Тот, кто думает, что буш ― это бывший американский президент, прав, причем дважды. Но это ещё и африканский лес из низкорослых деревьев с широкими кронами. И сейчас мы туда поедем на большом, зеленом и почему-то совершенно открытом джипе. Пешком в буш не ходят ― могут съесть.
Что главное в фотосафари? Терпение? Длинный объектив? Не угадали. Главное ― упрямый рейнджер, капитан джипа. Мы выбрали рыжеволосого потомка ирландцев Квентина и не ошиблись. Своего помощника Соломона (потомка зулусов, а может, и просто зулуса) Квентин усадил прямо на капот, помощницу ― девушку с книжкой, чей круг обязанностей мы не смогли постичь, ― рядом с собой. Прочие, то есть мы, разместились на приподнятых задних креслах ― этакий зрительный зал на колесах, и поехали.

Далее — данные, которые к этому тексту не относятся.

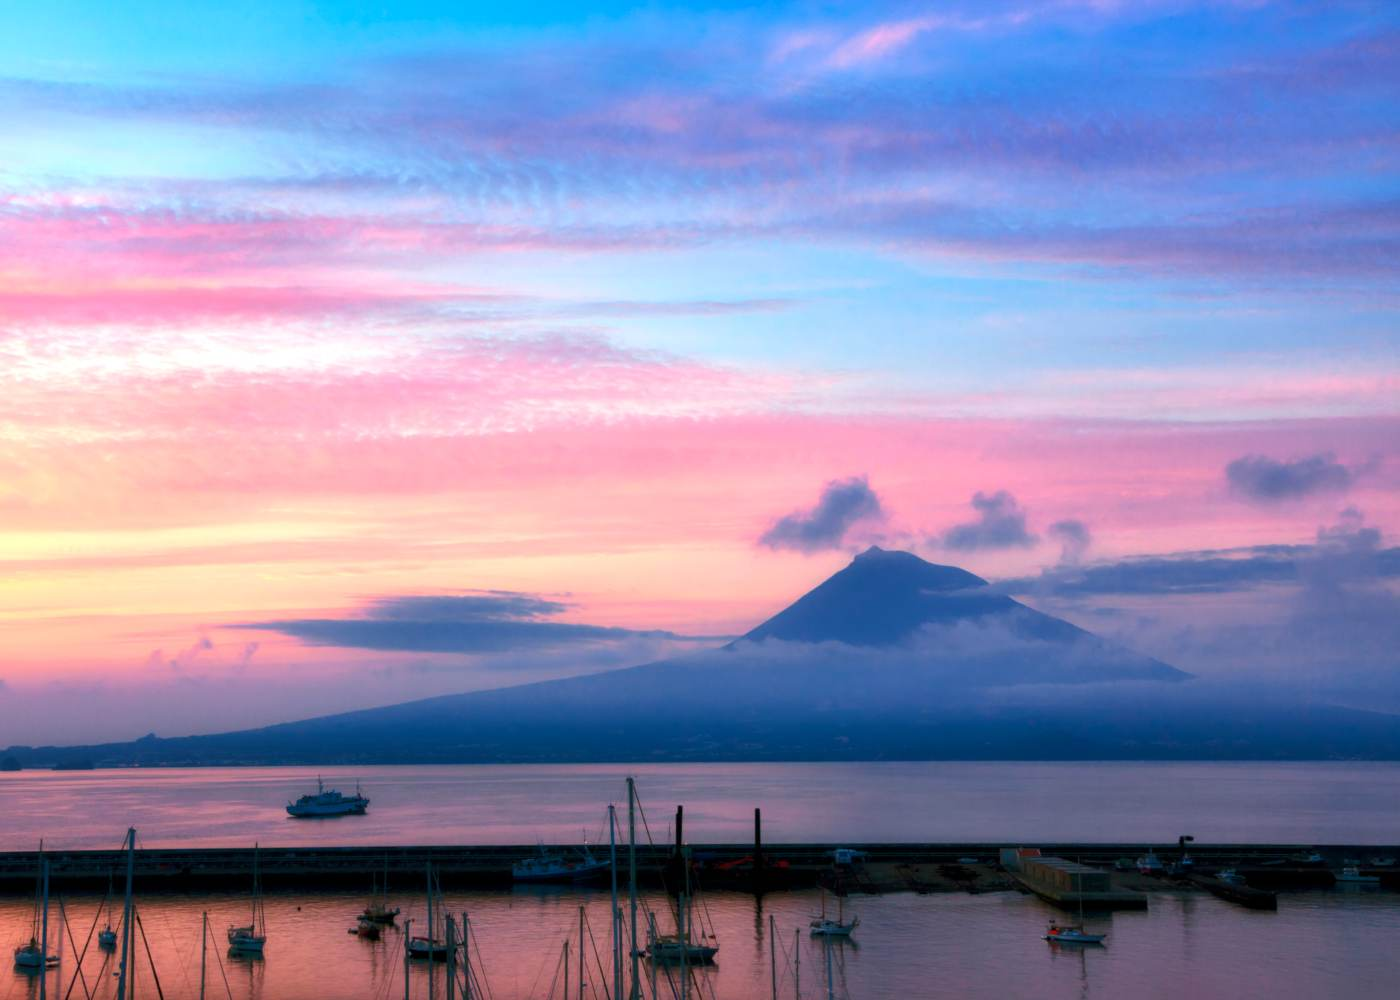 Ilha do Pico vista do Faial
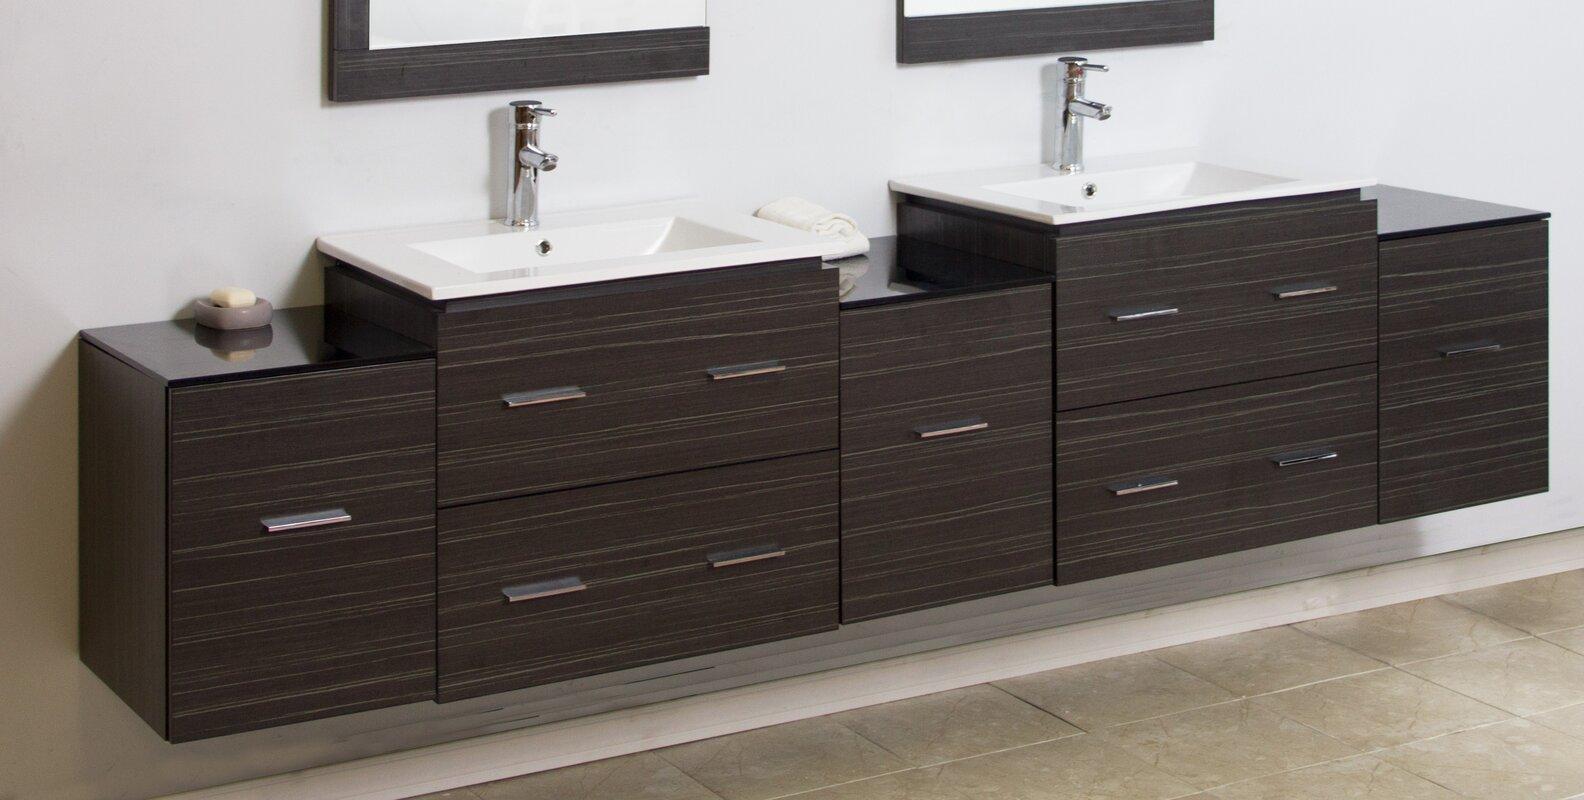 American imaginations 90 double modern wall mount bathroom vanity set reviews wayfair - Linden modern bathroom vanity set ...

Джип снабжен одеялами и пивом. В открытых джипах днём жарко, а вечером очень холодно. В открытый джип может запрыгнуть бегемот, а страус ― снести яйцо. ― А почему джип такой открытый? ― спросили мы, чтобы завязать разговор. ― Это не раздражает зверей, ― ответил Квентин, думая о чем-то своем.
Чуть отъехав от лагеря, мы увидели роскошных носорогов, стада антилоп, множество диковинных птиц… и поехали в другую сторону. ― Ищем леопарда, ― потрудился объяснить рейнджер.
Сначала мы обрадовались. Следующие три часа не было видно вообще никаких животных. Мы метались по бушу, с трудом уклоняясь от колючек, и перекрикивались, прикрывая рот рукой, чтоб не проглотить огромных жуков, пулями летящих навстречу. Соломон молча куда-то показывал, Квентин давил колесами молодую поросль, девушка-рейнджер хихикала, пытаясь нас взбодрить. ― А вот там антилопы были! ― намекали мы. ― И носороги. И еще птички. ― Птички, птички, ― цедил сквозь зубы Квентин, всматриваясь в кусты. ― Скучное какое-то сафари. Хотелось бы антилоп найти! ― ныли мы всё настойчивее. ― Да чего их искать, антилоп этих. В Капаме сорок тысяч антилоп. ― Ну нам бы хоть кого-нибудь. Опоссума какого. ― Потом, потом, Соломон чувствует, что леопард рядом. ― А еще мы хотим на жирафу посмотреть!
Джип резко затормозил.
― Жирафу? Вон жирафа стоит, и вон там тоже две жирафы. Видите? ― Вроде видим, ― удивились мы. ― Только плохо видим, потому что уже темно. ― Значит, возвращаемся. Завтра встаем в пять утра и едем искать леопарда.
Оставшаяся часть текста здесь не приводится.